ASSIGNMENT: The answer must consist only of the lines in the records below from the line with "A young woman" to the line with "Line Skirt Gi", both included, copied word for word with every picture left out.
··· GIVEN INFORMATION
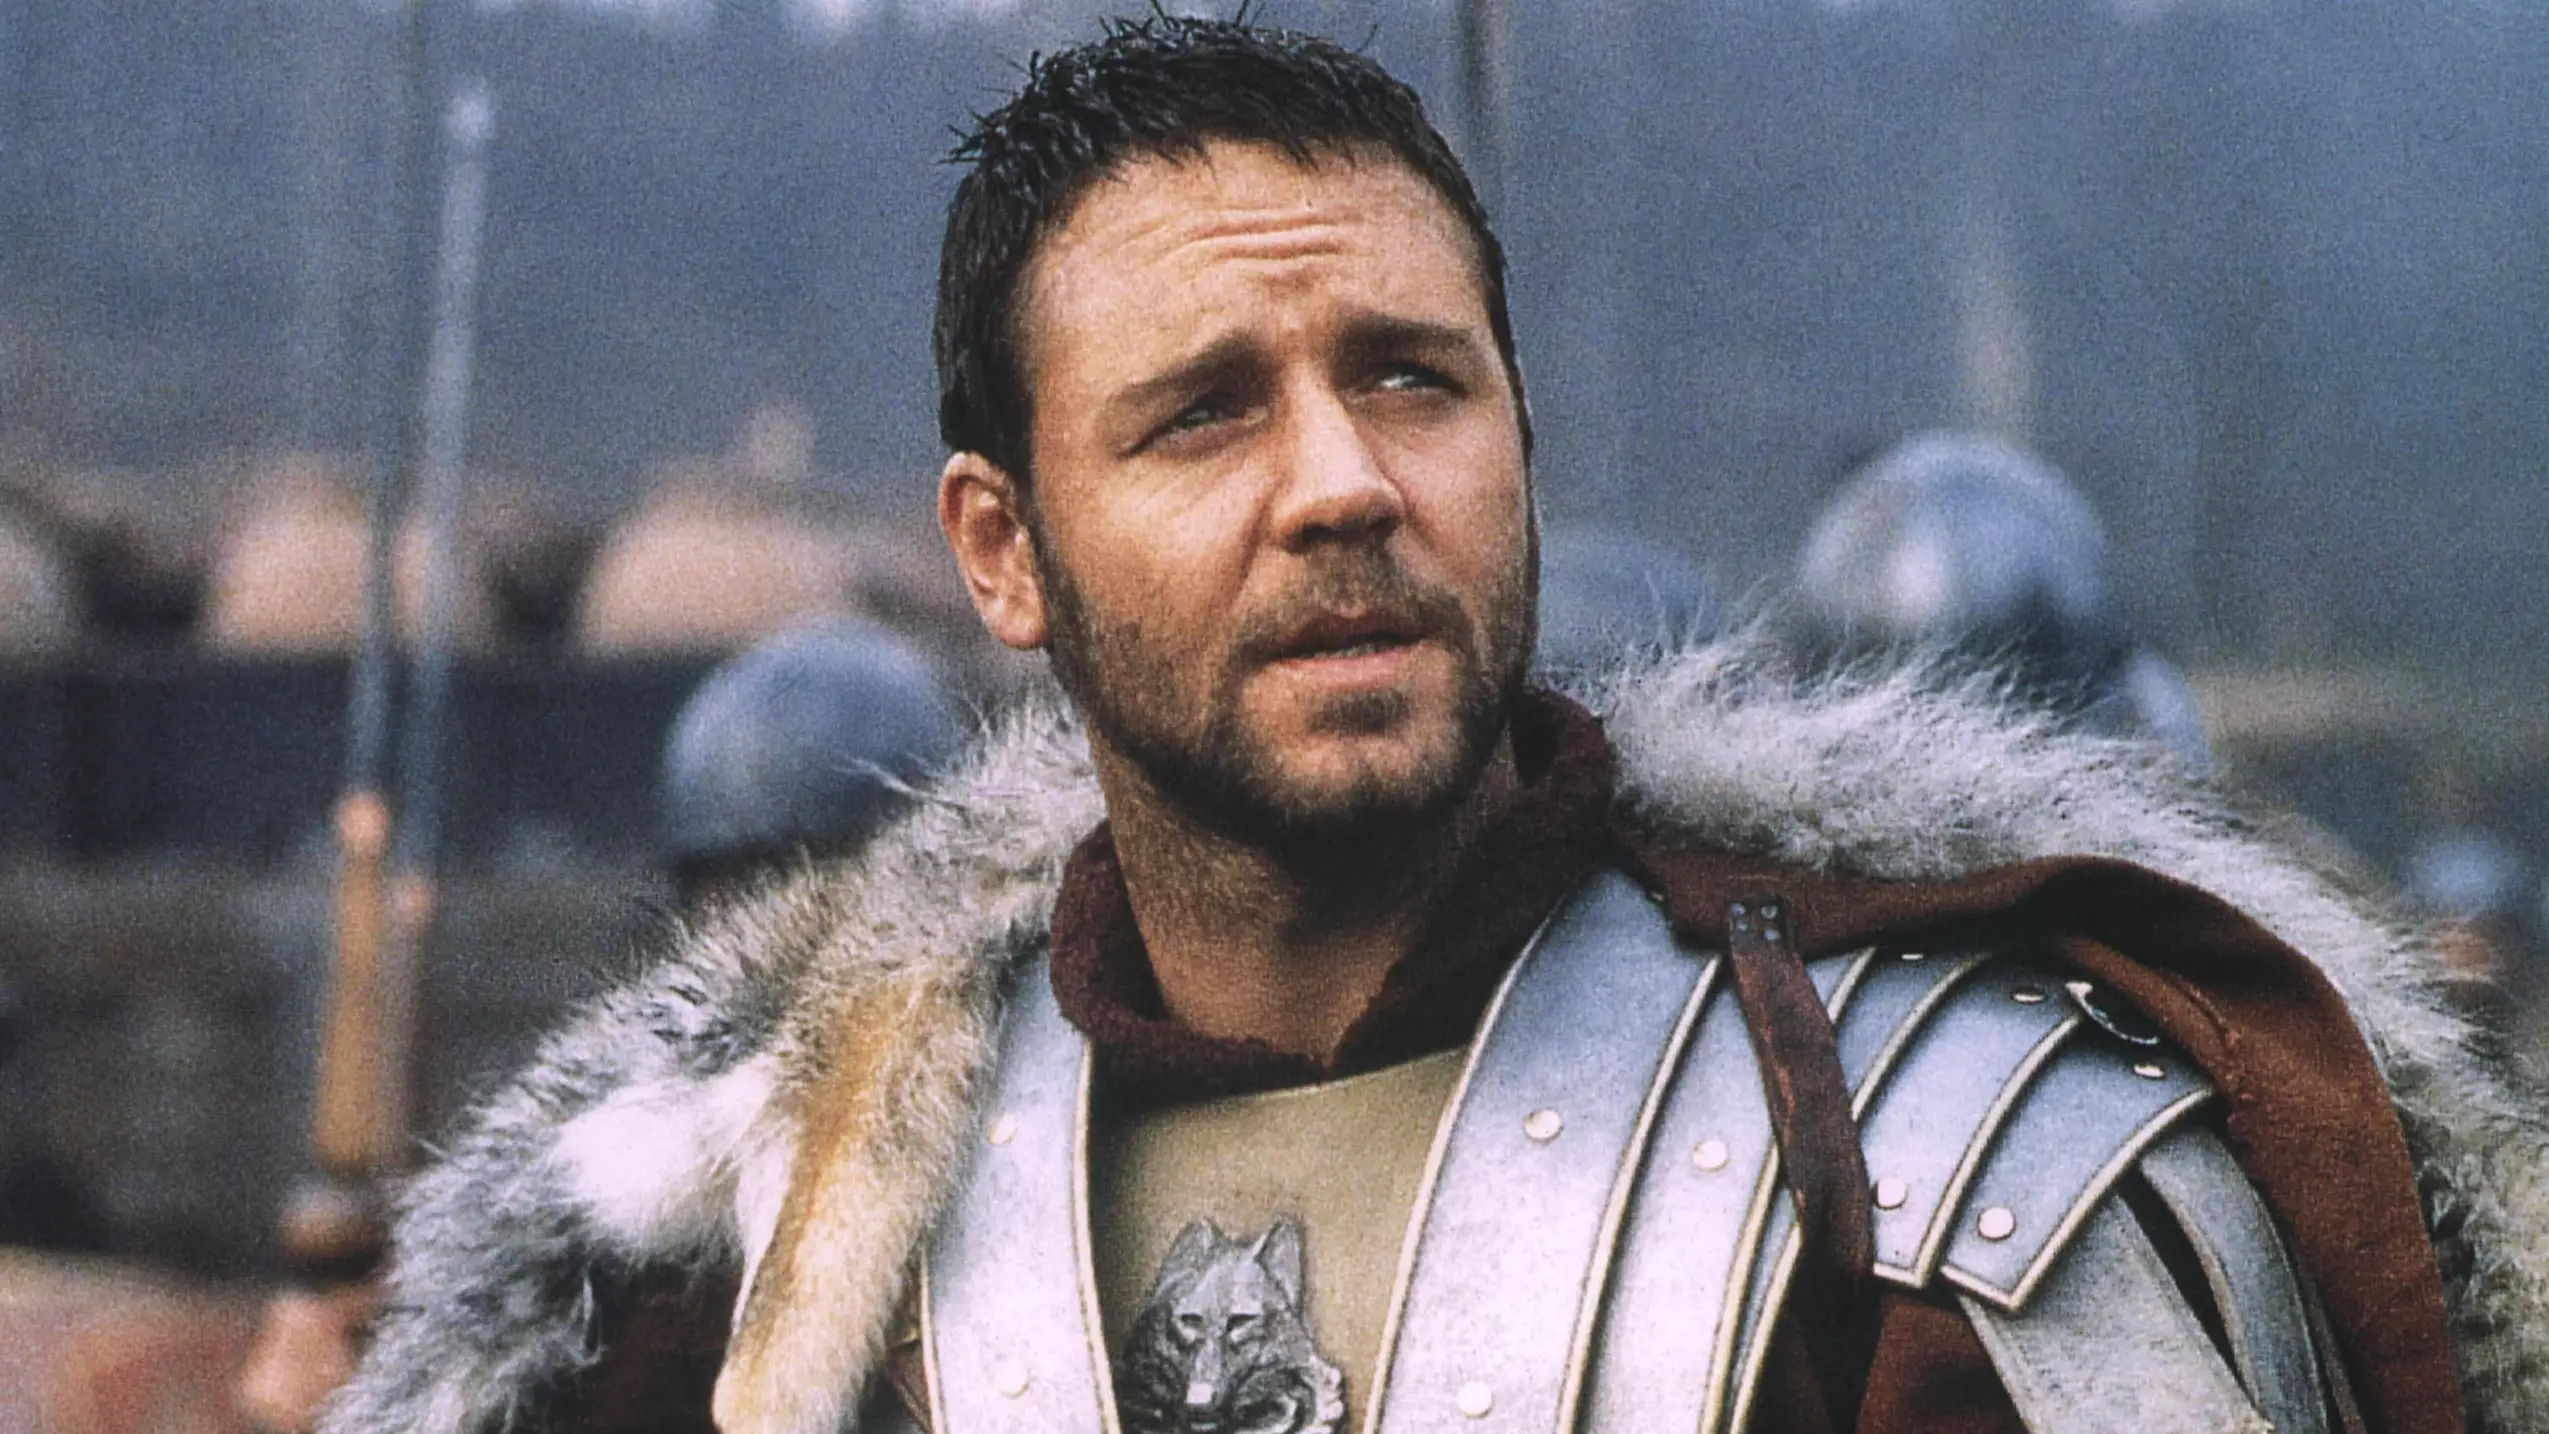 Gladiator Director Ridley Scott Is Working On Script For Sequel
······
··· GIVEN INFORMATION
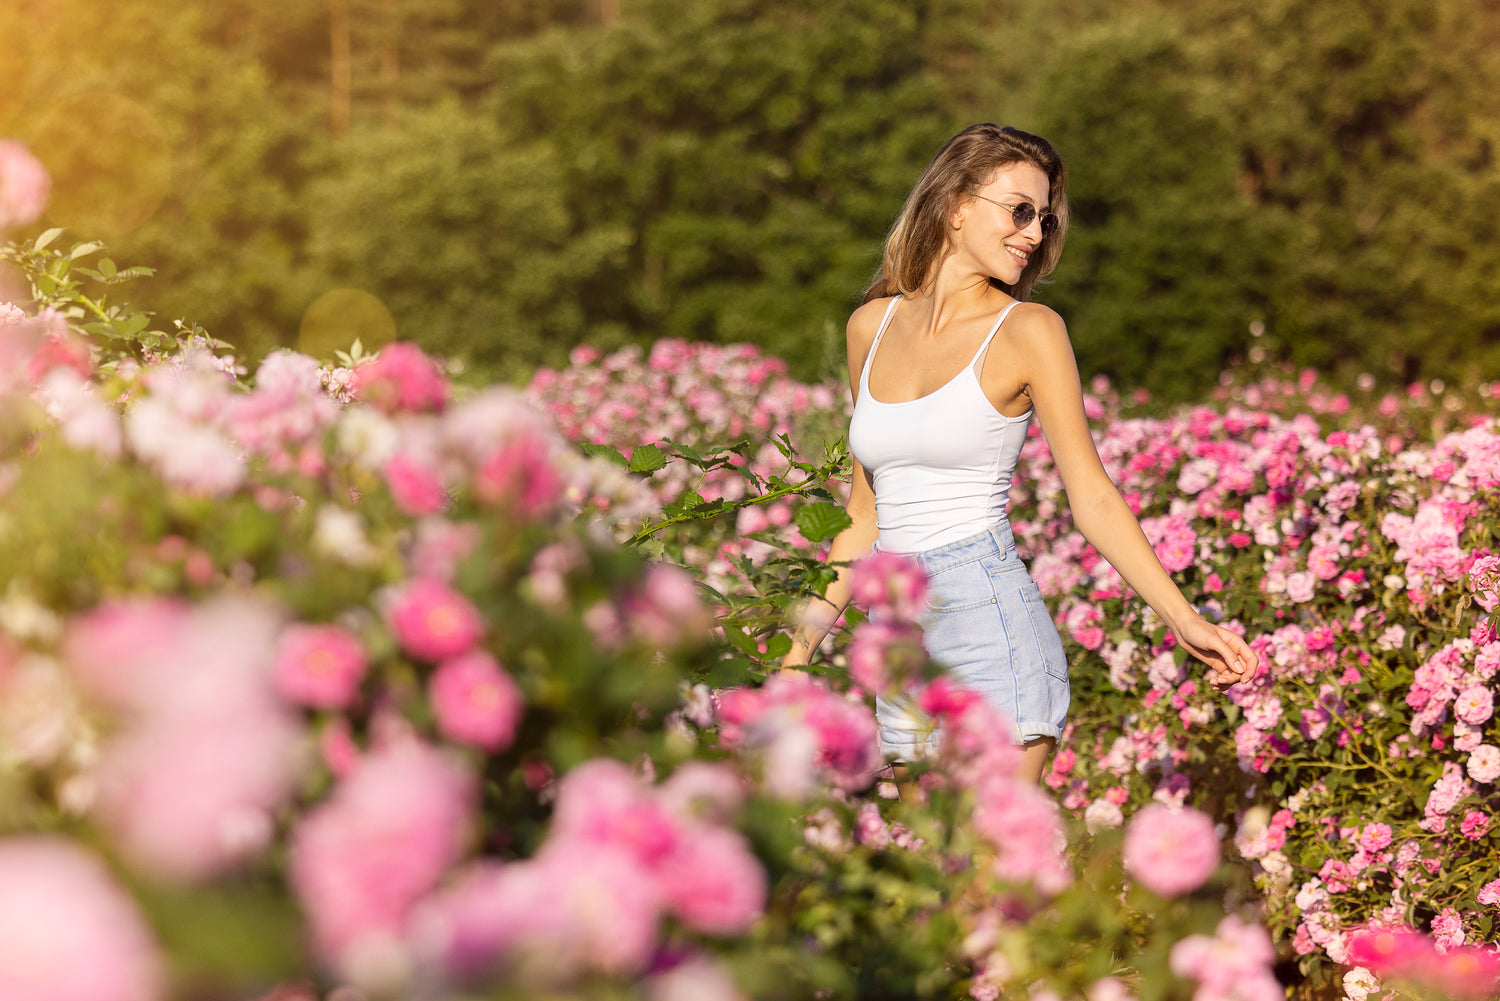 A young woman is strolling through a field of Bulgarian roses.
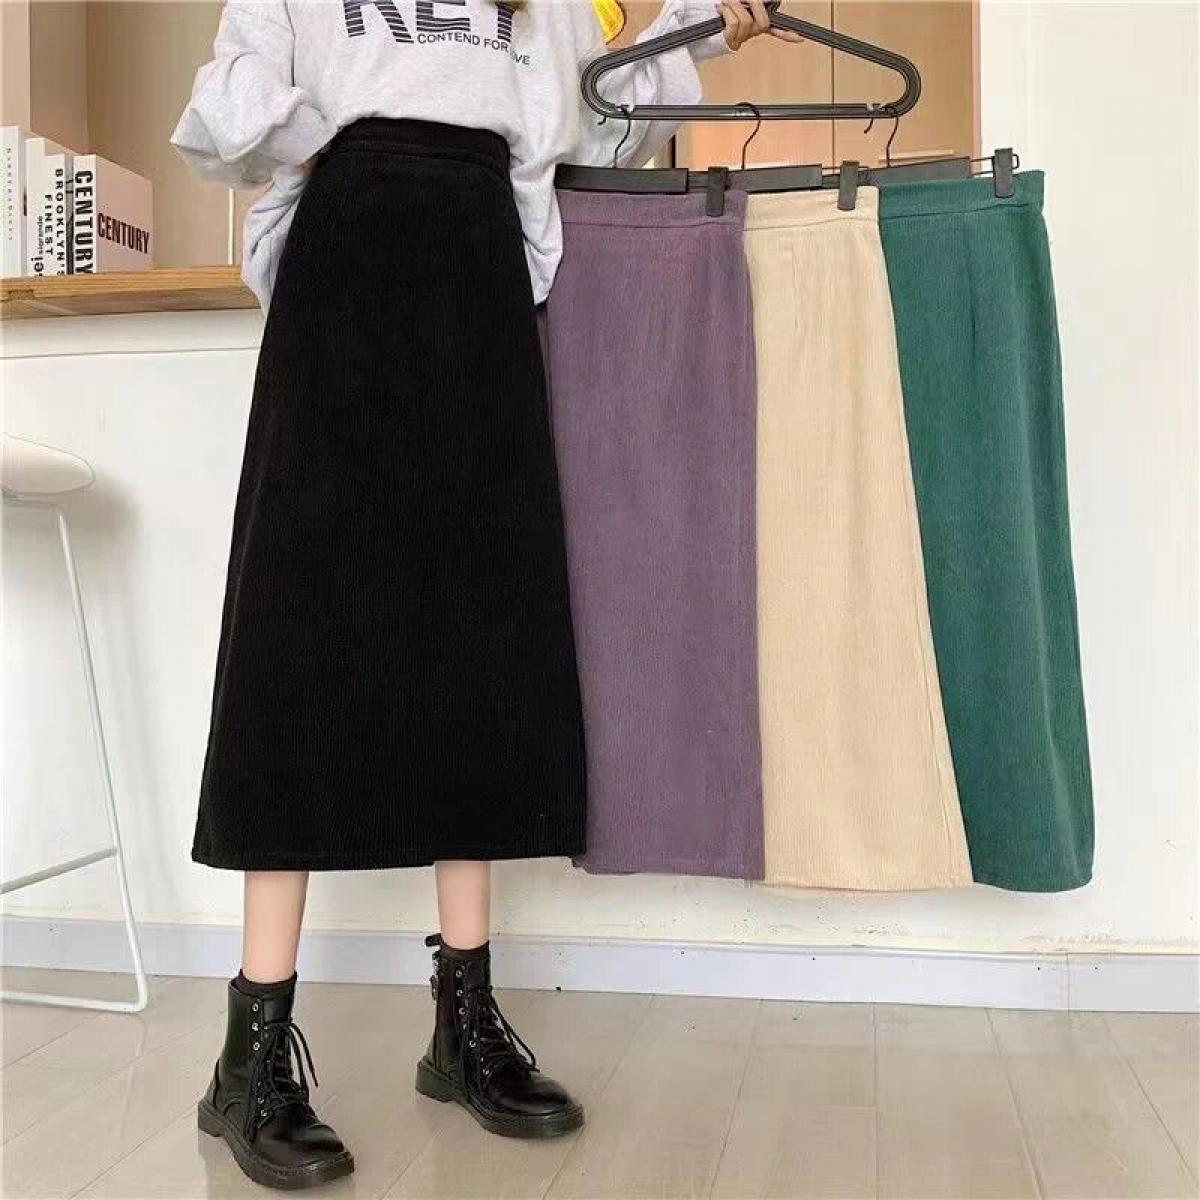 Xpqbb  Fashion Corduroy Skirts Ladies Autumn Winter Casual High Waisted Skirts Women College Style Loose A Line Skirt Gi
······
REPLY:
 A young woman is strolling through a field of Bulgarian roses.
 Xpqbb  Fashion Corduroy Skirts Ladies Autumn Winter Casual High Waisted Skirts Women College Style Loose A Line Skirt Gi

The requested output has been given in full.